Zij beschouwen het Midden-Oosten, met name sinds de Tweede Wereldoorlog, als een van hun belangrijkste invloedsgebieden. Het Midden-Oosten moest de afgelopen decennia ‘verdedigd’ worden tegen de Russische dreiging. Dit communistische gevaar is ondertussen verdwenen, maar de vitale belangen van de VS in deze regio zijn gebleven en moeten nu weer tegen Irak verdedigd worden. De oorlog die nu gevoerd wordt door het ‘Vrije Westen’ onder aanvoering van de VS, dient geen enkel moreel doel, maar slechts politiek-strategische belangen, ondanks de morele praatjes die president Bush in navolging van vele andere Amerikaanse presidenten verkondigt: ‘It’s not the oil we are concerned about. It’s agression.’
Maar van wie eigenlijk?
de Amerikaanse intocht
De geschiedenis van het Midden-Oosten is sinds 1945 bepaald door de voortdurende versterking van de Amerikanse hegemonie in dit olierijke en strategisch uiterst belangrijke gebied. Of, zoals de Franse president Clemenceau het al tijdens de Eerste Wereldoorlog zei: ‘Een druppel olie is nu evenveel waard als een druppel bloed.’

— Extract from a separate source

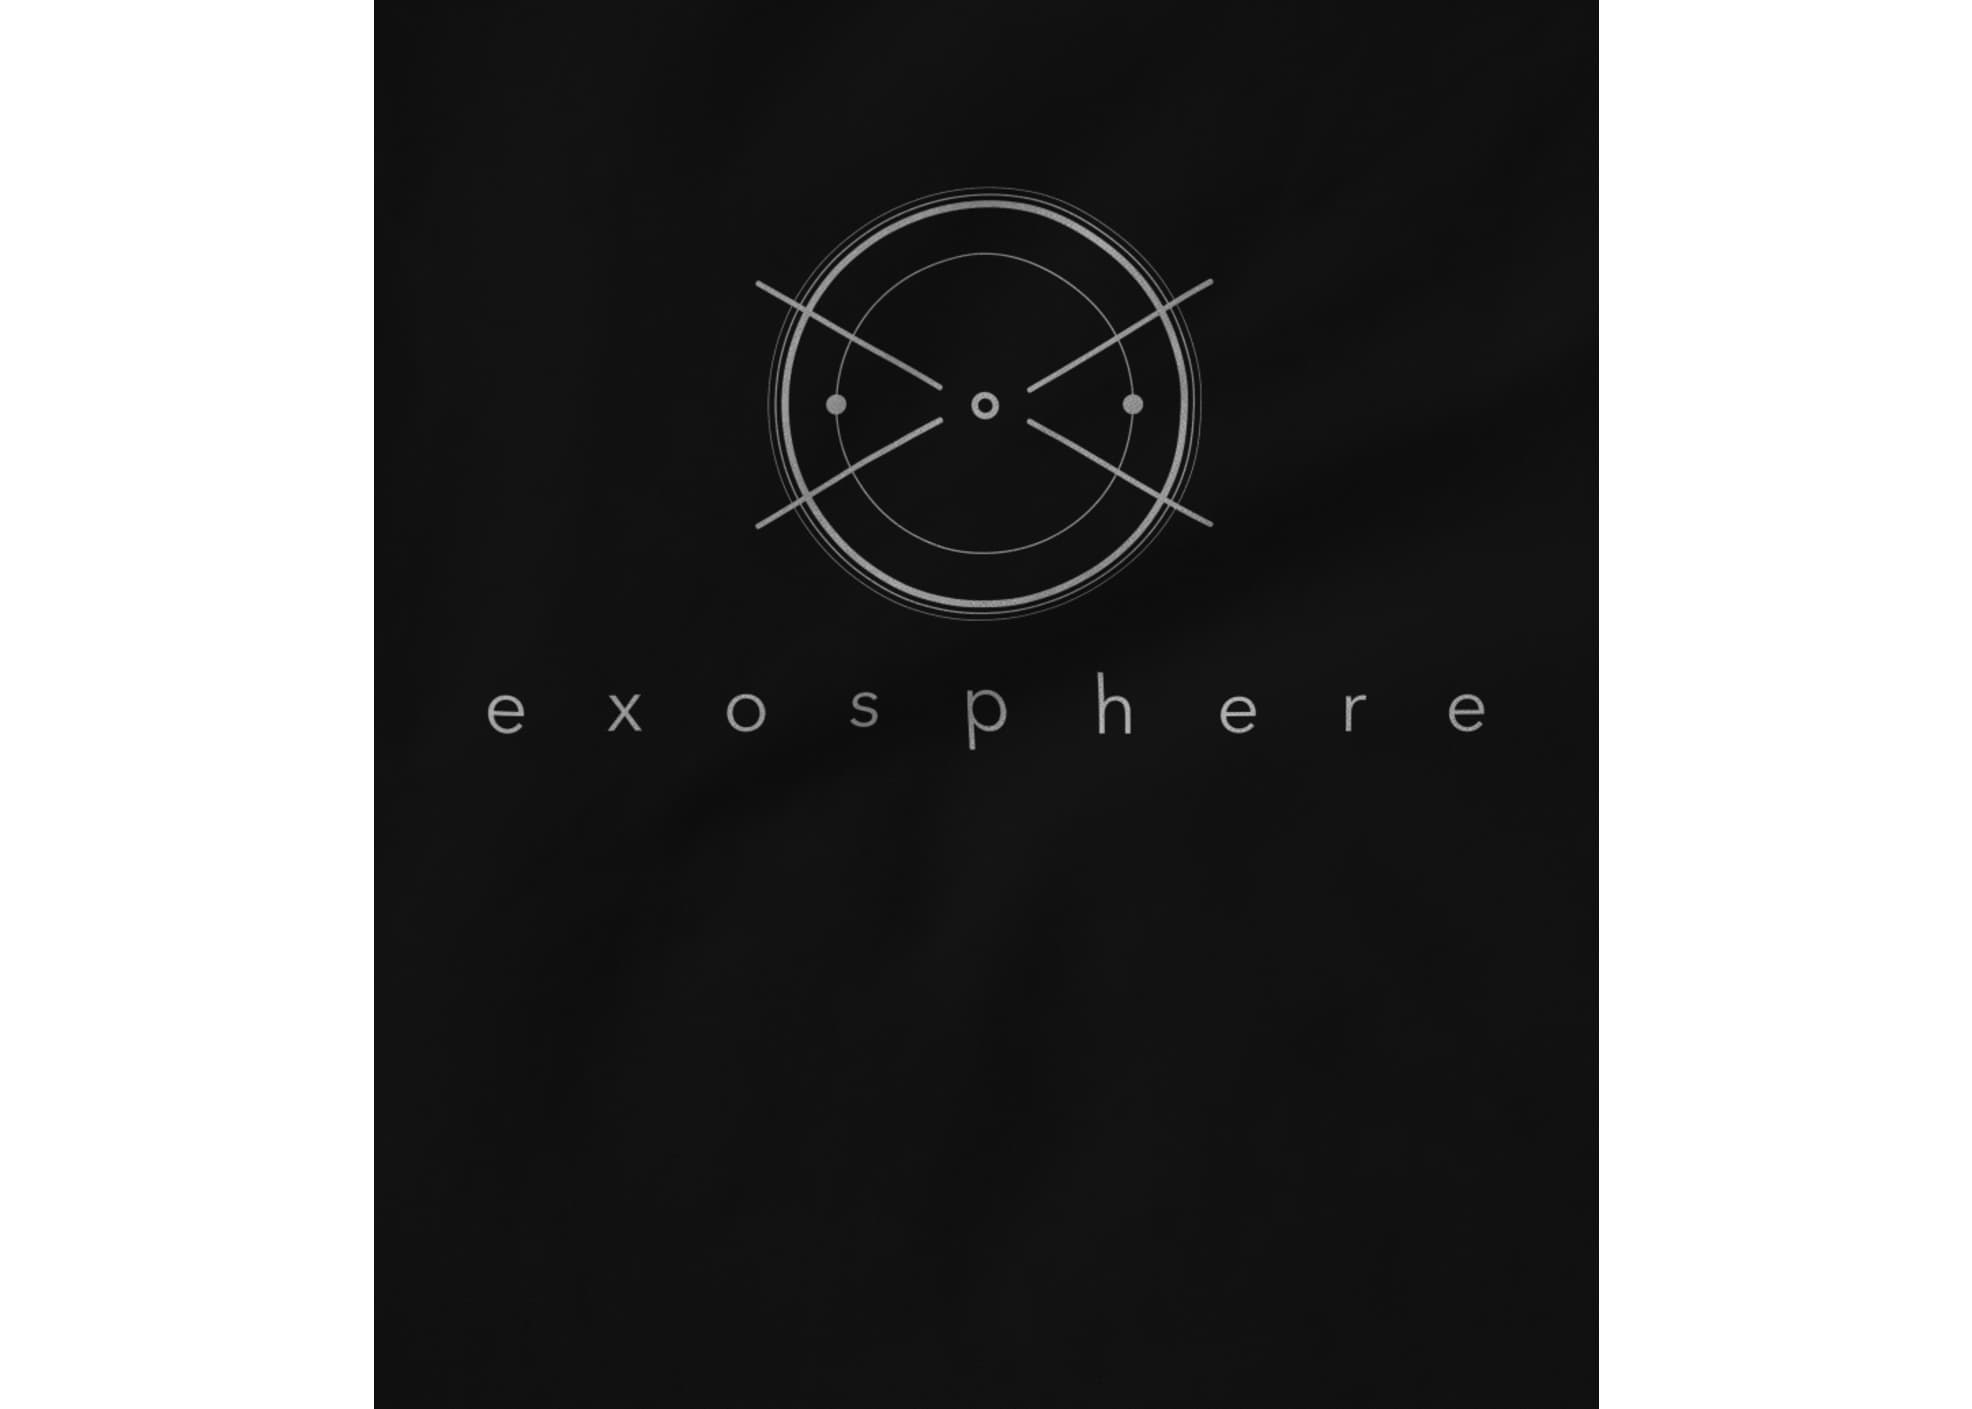 Exosphere exo logo design 1 1536469747

De strategische betekenis van het Midden-Oosten is groot. Een blik op de kaart is al vodoende om dat te zien. Van 1900 tot 1950 was het met name het Britse Imperium dat daar de regio domineerde. Na 1947, na het begin van de Koude Oorlog, werden de Amerikanen de grootste zeemogendheid en losten ze de wacht af van de Engelsen. Zij beschouwen het gebied van Egypte tot Iran als een noodzakelijke barrière tegen de gevreesde expansie van de Sovjet-Unie en er wordt een soort ‘Monroe-leer’ voor het Midden-Oosten afgekondigd: de Eisenhower-doctrine. En deze doctrine zal in de loop van de tijd met grote regelmaat worden bekrachtigd en leiden tot een hele reeks (militaire) interventies.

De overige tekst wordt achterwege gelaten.